■ **Exercise objective**
Would you please output, word for word, the span of the listing below that opens on the line containing "for Stock Photo" and closes on the line containing "Large tankard, Sweden, 1945, maker's"? Include both ends and nothing more.

------ Task input

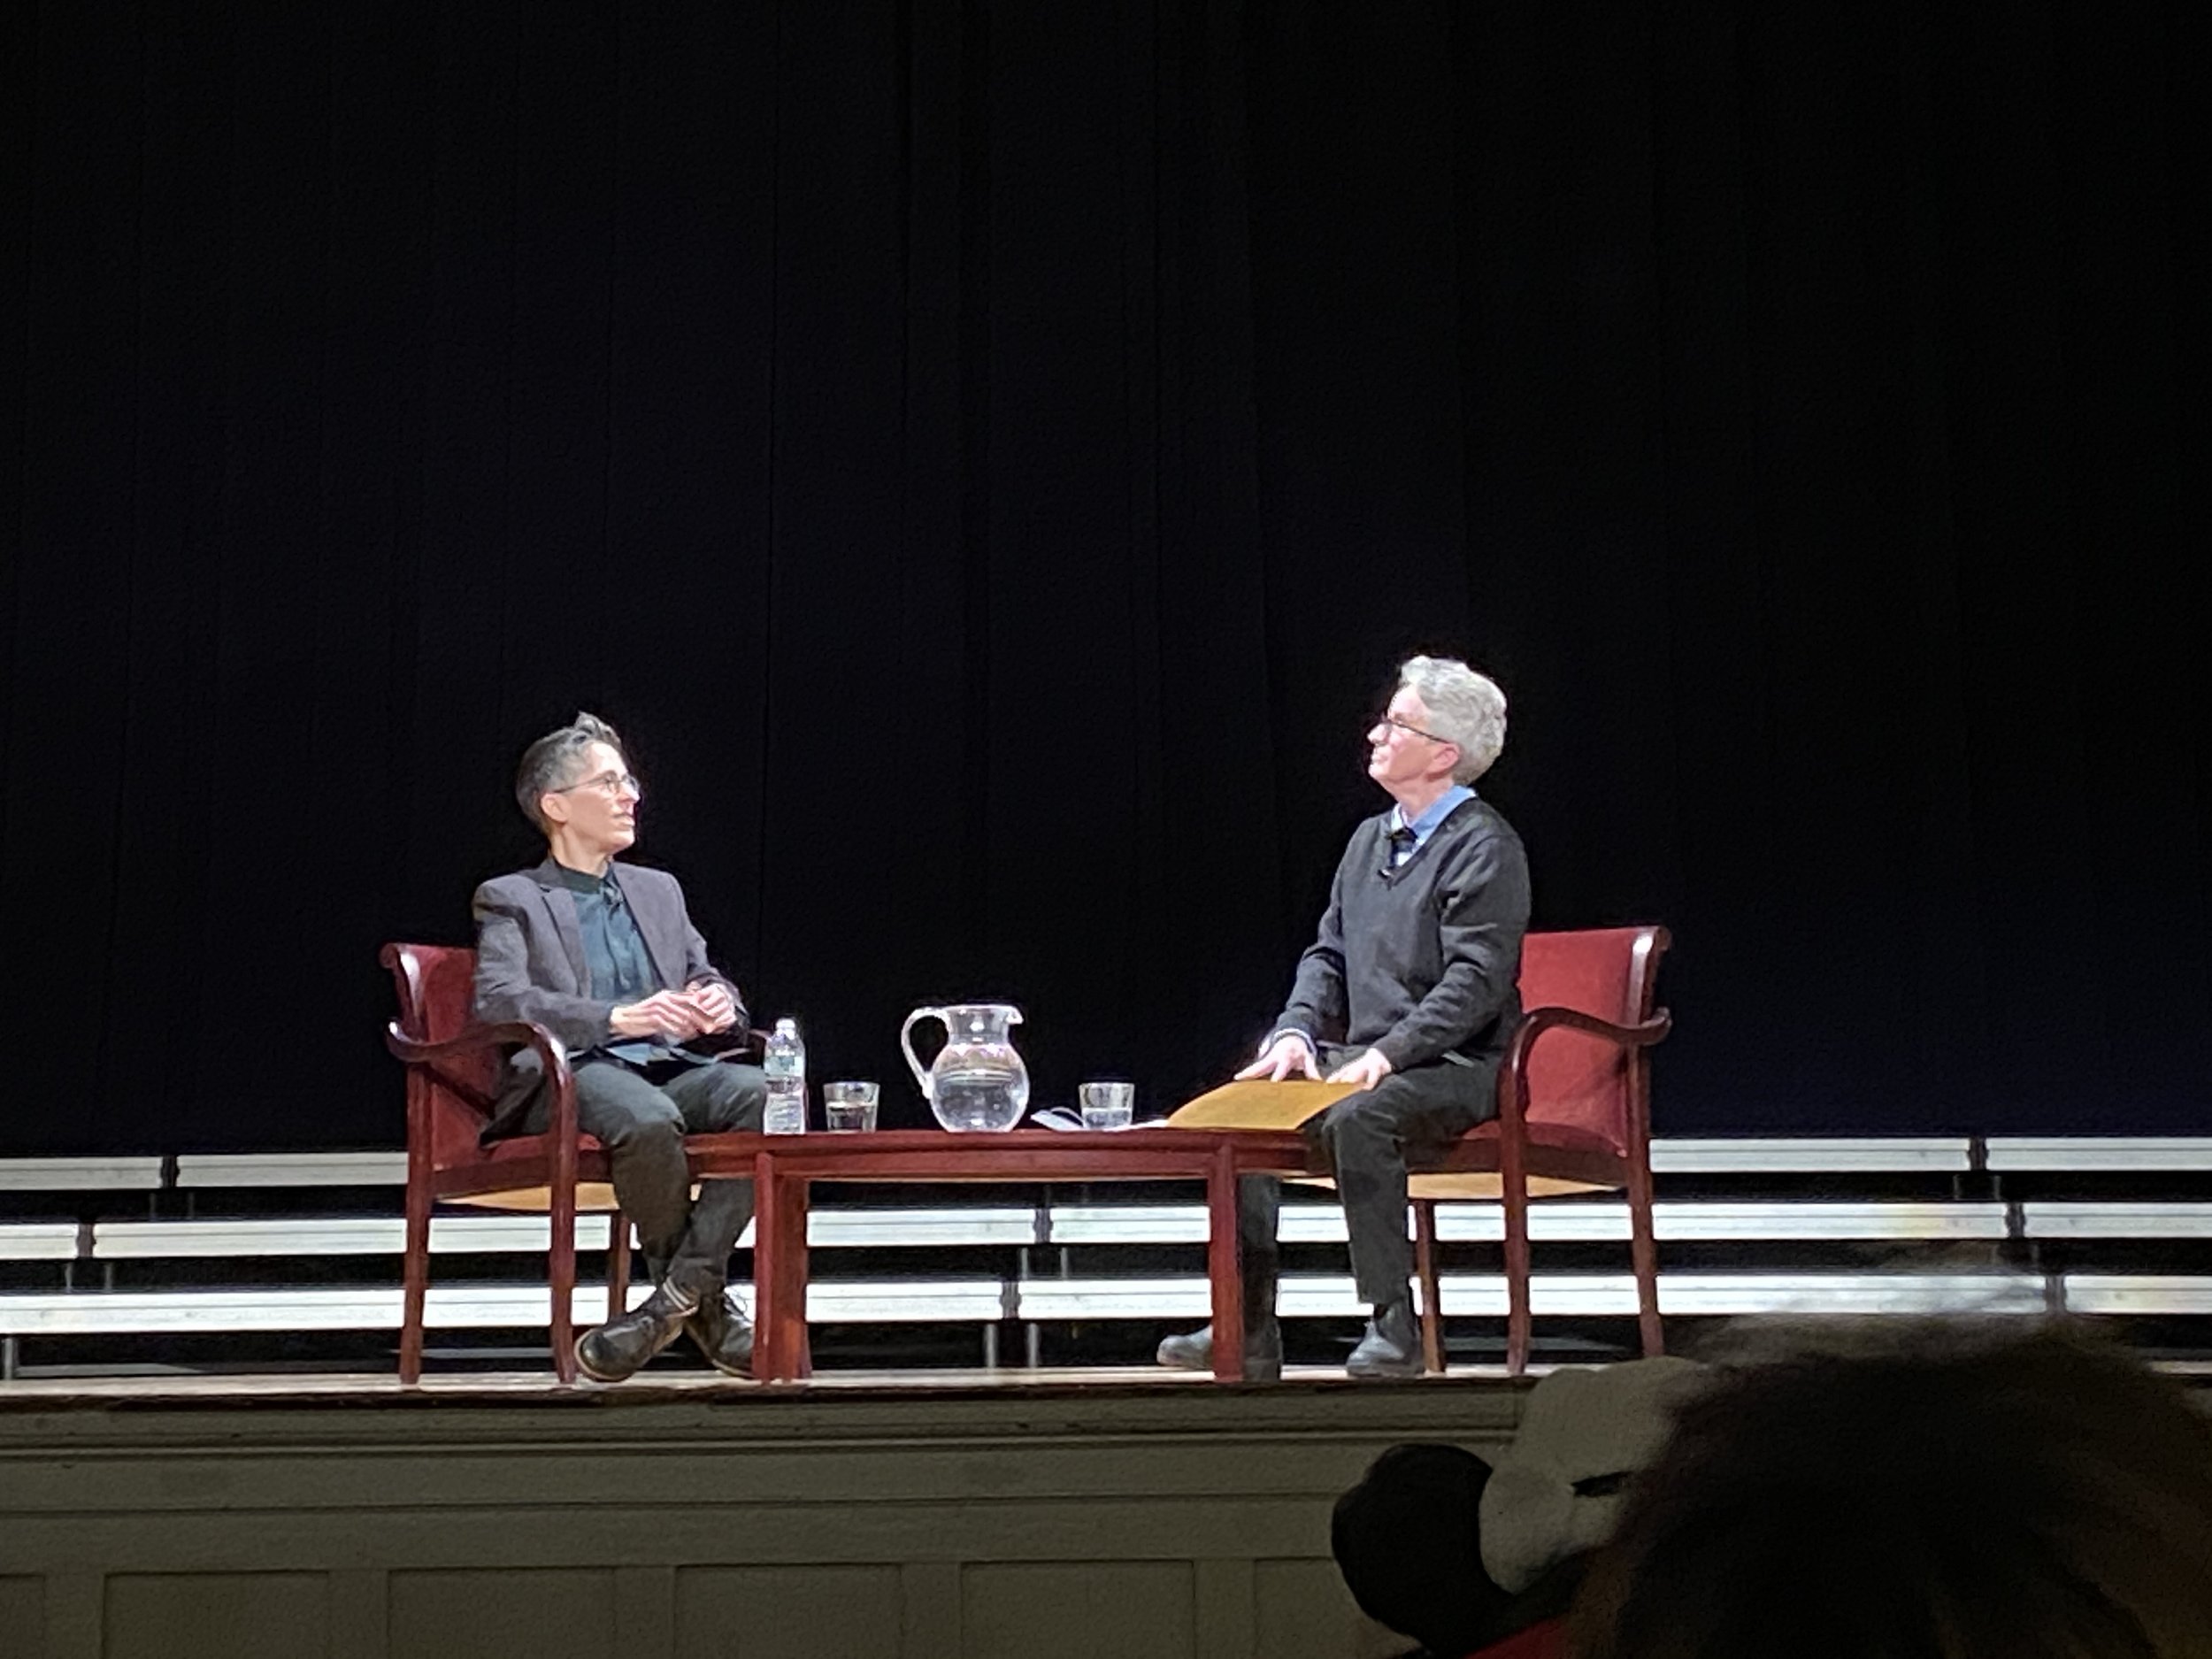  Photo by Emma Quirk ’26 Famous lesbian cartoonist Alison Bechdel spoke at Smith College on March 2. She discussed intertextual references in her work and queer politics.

------------
------ Task input

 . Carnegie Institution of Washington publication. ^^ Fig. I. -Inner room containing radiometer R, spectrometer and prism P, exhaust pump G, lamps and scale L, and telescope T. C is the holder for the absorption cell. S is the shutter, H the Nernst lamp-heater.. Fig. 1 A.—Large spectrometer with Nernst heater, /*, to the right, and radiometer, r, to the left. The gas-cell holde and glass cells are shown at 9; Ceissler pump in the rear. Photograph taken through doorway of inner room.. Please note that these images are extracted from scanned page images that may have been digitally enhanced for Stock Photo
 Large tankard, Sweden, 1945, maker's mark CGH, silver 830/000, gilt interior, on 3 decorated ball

------------
------ Task input

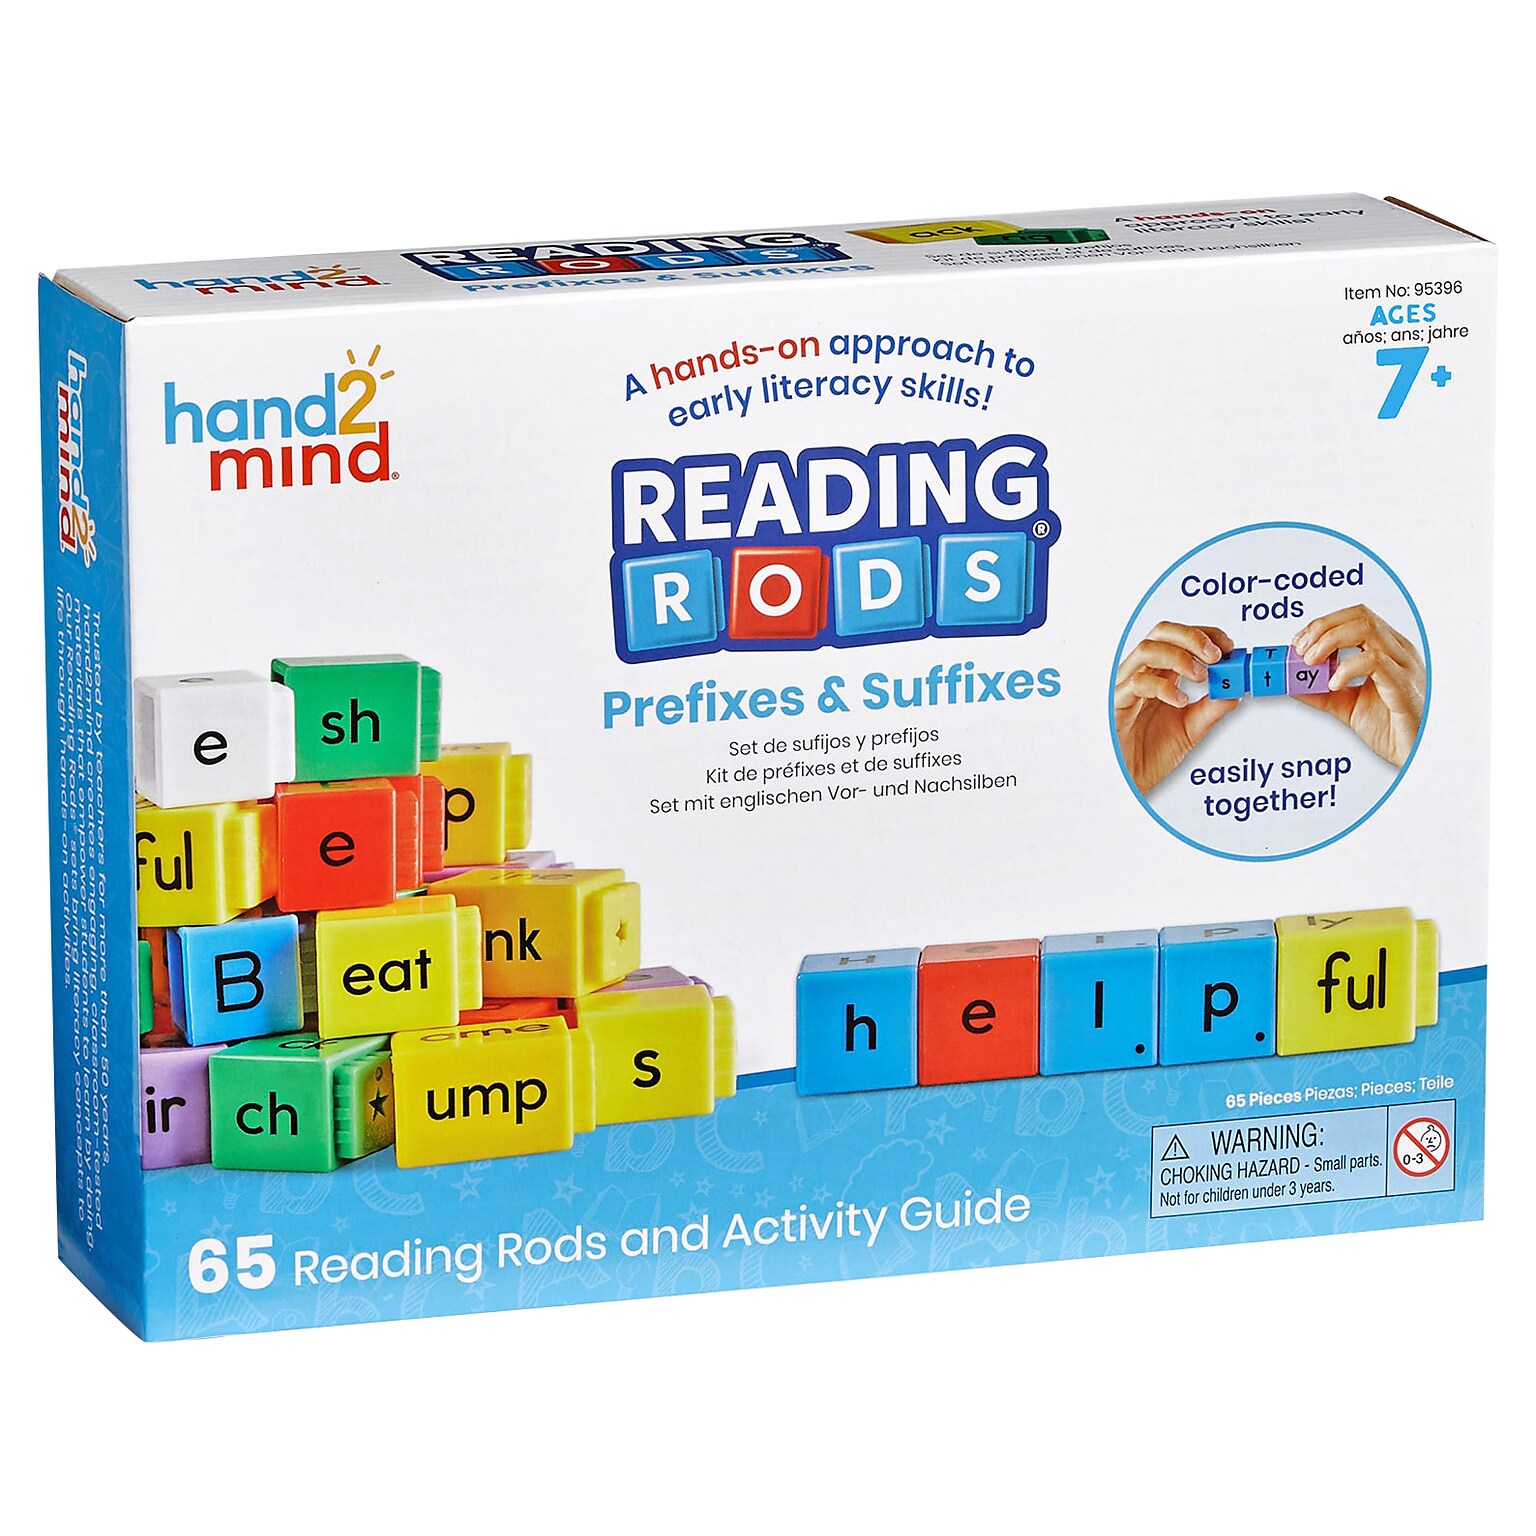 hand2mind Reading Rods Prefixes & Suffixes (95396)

------------

■ **Task response**
 . Carnegie Institution of Washington publication. ^^ Fig. I. -Inner room containing radiometer R, spectrometer and prism P, exhaust pump G, lamps and scale L, and telescope T. C is the holder for the absorption cell. S is the shutter, H the Nernst lamp-heater.. Fig. 1 A.—Large spectrometer with Nernst heater, /*, to the right, and radiometer, r, to the left. The gas-cell holde and glass cells are shown at 9; Ceissler pump in the rear. Photograph taken through doorway of inner room.. Please note that these images are extracted from scanned page images that may have been digitally enhanced for Stock Photo
 Large tankard, Sweden, 1945, maker's mark CGH, silver 830/000, gilt interior, on 3 decorated ball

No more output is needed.